The CMI produced by pharmaceutical companies in paper form or online is by and large comprehensive and understandable. However, CMI can tend to emphasise potential harms rather than benefits and it does not include information about off-label indications. There may also be limited information about interactions with other medicines, including complementary medicines.

There are at least four Australian websites which give links to CMI.2-5 CMI leaflets were inserted into medicine packs but many companies have since stopped this practice, because of concerns about keeping leaflets up to date and difficulties fitting a legible leaflet inside a medicine pack. However this can have negative consequences when neither the doctor nor the pharmacist provides adequate information and the consumer does not know about, nor knows how to access, the internet-based CMI that has superseded paper-based information. The late Sally Crossing AM, Convenor of Cancer Voices Australia, who initiated the campaign for a return to CMI leaflets, said: ‘We should not have to know to ask for CMIs, especially when sick, … or be expected to muddle through the internet, when another fail-safe solution is available.’6

Payment for provision of CMI by pharmacists was specified as part of the dispensing fee in the Fourth Community Pharmacy Agreement of 2005. More recent pharmacy agreements do not mention CMI. Provision of CMI in written or verbal form is recommended practice for pharmacists although no longer specifically included in the dispensing fee.
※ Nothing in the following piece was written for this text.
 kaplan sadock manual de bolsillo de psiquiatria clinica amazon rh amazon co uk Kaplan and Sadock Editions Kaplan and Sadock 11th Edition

The CMI guide on the Australian Government Health Department’s website was published in 2000. While it describes what CMI is meant to do, the guide does not specify who should be directly responsible for telling consumers about CMI, or providing access to it.

The Therapeutic Goods Administration states:4

CMI documents may not be available for every product. Sponsors are required to provide CMIs prior to new prescription medicines and specified over-the-counter (OTC) medicines being released to the market. Products that have been registered but not yet released to the market will not have accompanying CMI documents.
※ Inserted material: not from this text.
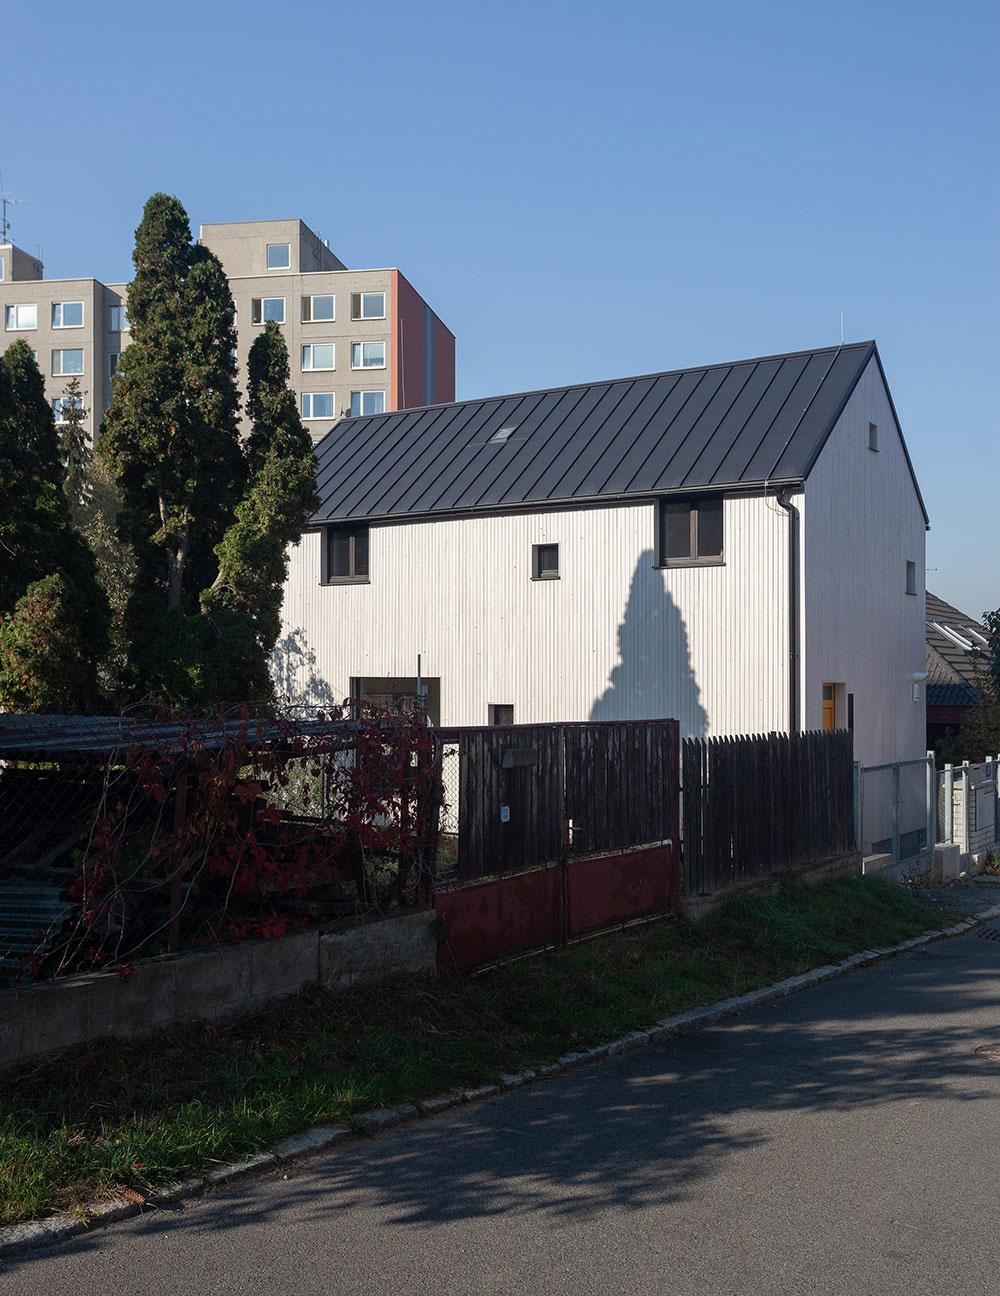 Príkladné riešenie rodinného domu na veľmi úzkej parcele

For medicines that do have CMIs, TGA regulations require that the CMI be made available to consumers either in the pack or in another manner that will enable the information to be given to the person to whom the medicines are administered or otherwise dispensed.
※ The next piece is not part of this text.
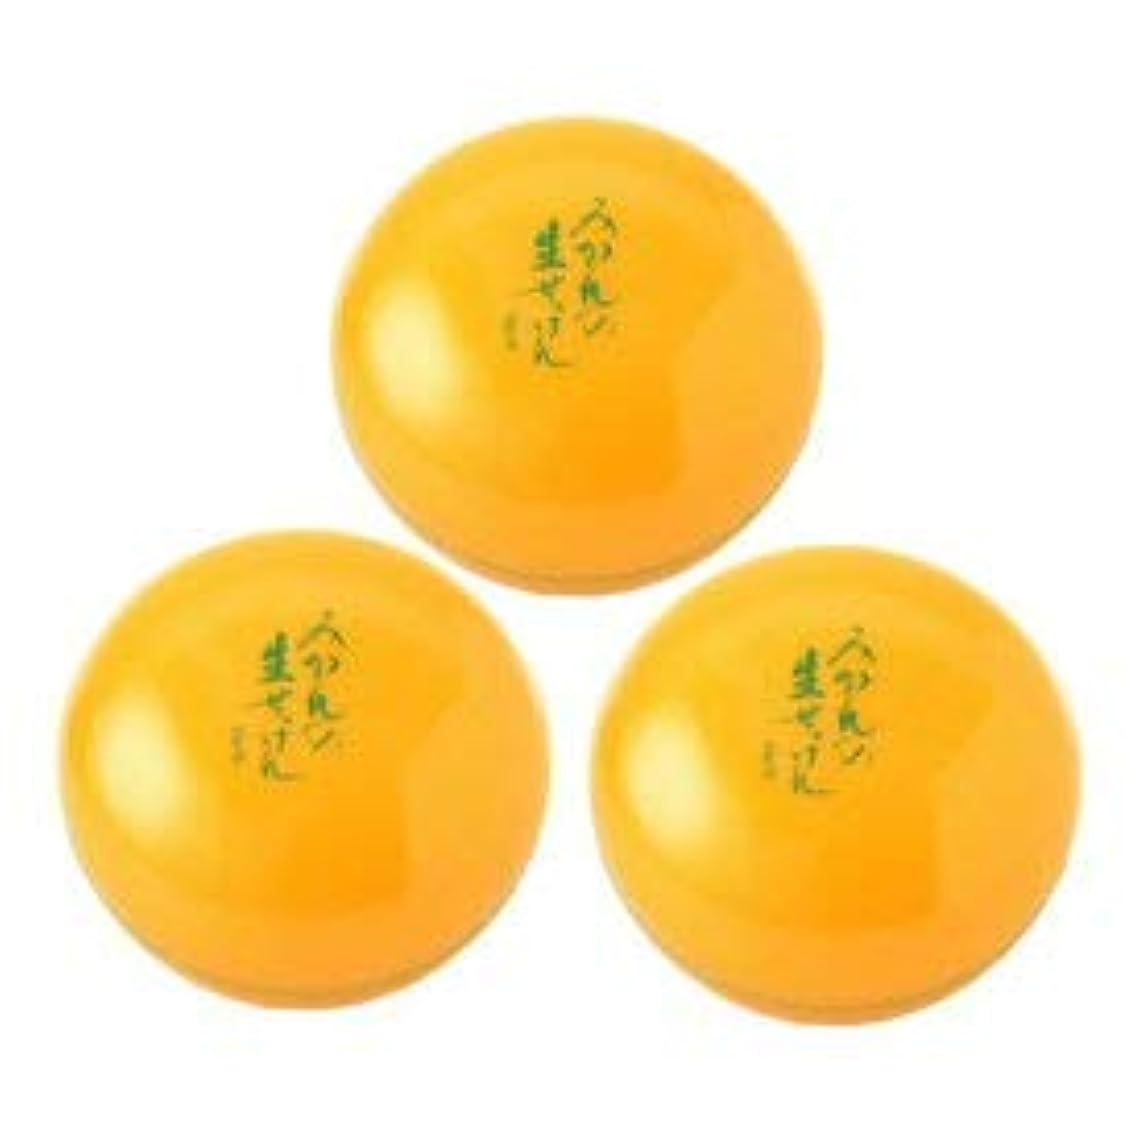 局好む含意UYEKI美香柑みかんの生せっけん50g×3個セット

The issue of access to CMI has prompted a campaign to return CMI leaflets to medicine packaging. The national CMI guide promulgated under the Quality Use of Medicines strategy in 2000 was meant to ensure medicine information was ‘designed to inform consumers about prescription and pharmacist-only medicines’ in a reader-friendly and standardised way.7 Seventeen years on, we have an unsafe and less effective situation where CMI leaflets are no longer inserted in packages, and patients are not getting the information they need.

Despite the existence of CMI, uncertainty remains about who should be ensuring it gets to the patient. While discussion with the prescribing doctor usually takes place, it is not easy for a patient to recall all the details needed for safe and effective use of a medicine. Doctors and pharmacists can help consumers by talking about CMI, especially if a medicine is being used for an off-label indication.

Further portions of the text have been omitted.